[Recorded data]

******

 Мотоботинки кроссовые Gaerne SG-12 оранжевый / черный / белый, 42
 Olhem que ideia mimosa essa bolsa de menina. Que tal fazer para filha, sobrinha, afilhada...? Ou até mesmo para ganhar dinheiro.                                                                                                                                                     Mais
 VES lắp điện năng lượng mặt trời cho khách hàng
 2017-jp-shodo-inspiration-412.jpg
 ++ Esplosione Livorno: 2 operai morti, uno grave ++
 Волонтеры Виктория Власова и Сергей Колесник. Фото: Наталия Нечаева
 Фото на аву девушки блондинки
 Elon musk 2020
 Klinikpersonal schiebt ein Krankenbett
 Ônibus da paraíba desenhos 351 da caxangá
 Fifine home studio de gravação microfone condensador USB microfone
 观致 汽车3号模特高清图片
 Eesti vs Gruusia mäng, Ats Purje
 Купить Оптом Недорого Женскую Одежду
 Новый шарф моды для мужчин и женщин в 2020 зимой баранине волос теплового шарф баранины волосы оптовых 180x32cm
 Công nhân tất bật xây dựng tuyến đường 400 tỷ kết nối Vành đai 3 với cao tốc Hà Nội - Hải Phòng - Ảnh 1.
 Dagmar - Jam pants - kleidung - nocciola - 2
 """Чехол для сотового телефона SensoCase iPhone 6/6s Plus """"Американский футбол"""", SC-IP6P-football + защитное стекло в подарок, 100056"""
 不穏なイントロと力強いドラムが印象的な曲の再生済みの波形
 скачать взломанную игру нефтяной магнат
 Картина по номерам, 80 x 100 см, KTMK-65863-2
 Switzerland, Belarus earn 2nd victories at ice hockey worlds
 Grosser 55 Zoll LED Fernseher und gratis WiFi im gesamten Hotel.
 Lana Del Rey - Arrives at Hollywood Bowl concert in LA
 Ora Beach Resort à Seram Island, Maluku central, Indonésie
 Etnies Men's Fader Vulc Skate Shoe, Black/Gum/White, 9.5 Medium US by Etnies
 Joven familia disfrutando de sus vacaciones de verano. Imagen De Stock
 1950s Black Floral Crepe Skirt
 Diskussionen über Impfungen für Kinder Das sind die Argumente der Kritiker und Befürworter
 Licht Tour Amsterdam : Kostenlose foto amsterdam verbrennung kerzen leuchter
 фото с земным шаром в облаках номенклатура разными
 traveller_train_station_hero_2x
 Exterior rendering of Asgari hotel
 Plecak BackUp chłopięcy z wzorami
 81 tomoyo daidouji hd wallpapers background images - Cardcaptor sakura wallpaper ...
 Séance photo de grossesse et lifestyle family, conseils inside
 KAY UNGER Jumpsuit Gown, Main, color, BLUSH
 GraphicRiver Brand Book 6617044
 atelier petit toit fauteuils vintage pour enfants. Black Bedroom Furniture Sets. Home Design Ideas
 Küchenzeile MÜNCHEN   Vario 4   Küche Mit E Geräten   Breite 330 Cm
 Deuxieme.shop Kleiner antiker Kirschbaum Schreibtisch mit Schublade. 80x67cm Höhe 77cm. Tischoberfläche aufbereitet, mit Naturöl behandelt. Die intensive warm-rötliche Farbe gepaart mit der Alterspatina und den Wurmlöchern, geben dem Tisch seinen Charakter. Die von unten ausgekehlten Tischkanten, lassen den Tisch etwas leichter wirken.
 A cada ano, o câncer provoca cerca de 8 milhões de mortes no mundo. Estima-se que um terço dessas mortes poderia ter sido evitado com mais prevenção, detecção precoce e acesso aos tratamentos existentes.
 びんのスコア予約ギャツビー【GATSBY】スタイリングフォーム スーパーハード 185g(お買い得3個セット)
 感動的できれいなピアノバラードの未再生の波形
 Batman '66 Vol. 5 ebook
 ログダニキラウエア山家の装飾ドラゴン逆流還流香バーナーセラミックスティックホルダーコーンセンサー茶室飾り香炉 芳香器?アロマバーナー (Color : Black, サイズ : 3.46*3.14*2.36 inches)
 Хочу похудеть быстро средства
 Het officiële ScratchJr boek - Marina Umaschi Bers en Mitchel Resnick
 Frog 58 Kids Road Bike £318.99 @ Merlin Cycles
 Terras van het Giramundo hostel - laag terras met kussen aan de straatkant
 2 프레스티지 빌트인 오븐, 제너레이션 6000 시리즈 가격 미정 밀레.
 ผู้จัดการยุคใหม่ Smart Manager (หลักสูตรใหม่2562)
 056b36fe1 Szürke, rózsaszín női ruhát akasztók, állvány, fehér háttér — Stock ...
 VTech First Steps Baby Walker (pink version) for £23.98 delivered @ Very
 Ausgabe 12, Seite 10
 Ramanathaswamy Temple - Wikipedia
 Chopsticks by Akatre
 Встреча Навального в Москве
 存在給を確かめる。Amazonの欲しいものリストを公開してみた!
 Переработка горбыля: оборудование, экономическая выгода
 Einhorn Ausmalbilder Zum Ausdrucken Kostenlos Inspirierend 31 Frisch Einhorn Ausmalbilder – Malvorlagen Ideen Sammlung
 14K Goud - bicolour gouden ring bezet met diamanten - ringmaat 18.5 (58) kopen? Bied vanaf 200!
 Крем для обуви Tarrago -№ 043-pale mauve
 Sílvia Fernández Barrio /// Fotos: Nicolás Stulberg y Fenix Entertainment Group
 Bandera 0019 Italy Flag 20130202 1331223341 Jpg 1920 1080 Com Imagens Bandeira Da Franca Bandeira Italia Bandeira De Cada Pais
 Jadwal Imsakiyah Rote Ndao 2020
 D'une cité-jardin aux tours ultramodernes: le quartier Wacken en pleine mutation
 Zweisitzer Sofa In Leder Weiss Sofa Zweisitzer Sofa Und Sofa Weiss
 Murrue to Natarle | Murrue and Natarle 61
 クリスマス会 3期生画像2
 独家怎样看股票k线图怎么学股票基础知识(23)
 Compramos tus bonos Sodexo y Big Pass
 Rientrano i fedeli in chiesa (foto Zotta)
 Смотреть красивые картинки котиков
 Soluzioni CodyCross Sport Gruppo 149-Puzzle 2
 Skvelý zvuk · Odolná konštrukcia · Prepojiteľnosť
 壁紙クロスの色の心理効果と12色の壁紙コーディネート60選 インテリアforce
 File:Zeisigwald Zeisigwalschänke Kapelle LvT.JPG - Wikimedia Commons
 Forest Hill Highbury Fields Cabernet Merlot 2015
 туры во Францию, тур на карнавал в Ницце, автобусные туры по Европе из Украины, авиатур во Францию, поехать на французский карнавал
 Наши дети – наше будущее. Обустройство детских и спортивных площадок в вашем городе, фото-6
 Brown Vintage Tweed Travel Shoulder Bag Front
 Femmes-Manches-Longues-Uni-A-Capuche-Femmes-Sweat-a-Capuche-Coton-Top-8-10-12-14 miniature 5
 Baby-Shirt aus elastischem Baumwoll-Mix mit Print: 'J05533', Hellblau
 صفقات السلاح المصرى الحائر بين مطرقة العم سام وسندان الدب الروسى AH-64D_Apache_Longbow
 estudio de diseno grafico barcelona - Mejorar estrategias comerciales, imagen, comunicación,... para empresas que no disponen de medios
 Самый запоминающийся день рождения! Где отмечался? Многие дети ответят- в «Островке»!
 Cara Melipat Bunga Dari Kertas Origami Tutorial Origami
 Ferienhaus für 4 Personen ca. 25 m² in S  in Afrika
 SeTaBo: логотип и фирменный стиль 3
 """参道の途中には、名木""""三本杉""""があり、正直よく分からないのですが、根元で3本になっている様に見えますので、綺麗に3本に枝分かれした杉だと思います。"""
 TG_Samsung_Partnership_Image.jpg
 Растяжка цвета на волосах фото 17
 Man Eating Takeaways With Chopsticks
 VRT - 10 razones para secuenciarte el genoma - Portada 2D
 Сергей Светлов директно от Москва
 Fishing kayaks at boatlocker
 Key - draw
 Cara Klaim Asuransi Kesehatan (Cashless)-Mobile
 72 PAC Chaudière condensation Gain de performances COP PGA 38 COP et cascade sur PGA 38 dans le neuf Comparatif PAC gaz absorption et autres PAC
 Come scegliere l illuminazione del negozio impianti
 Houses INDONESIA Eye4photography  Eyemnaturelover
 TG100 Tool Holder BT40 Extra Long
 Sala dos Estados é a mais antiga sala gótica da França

******

Work item: Only the lines with "Сергей" are needed; find them in the records and copy each one.

Exercise response:
 Волонтеры Виктория Власова и Сергей Колесник. Фото: Наталия Нечаева
 Сергей Светлов директно от Москва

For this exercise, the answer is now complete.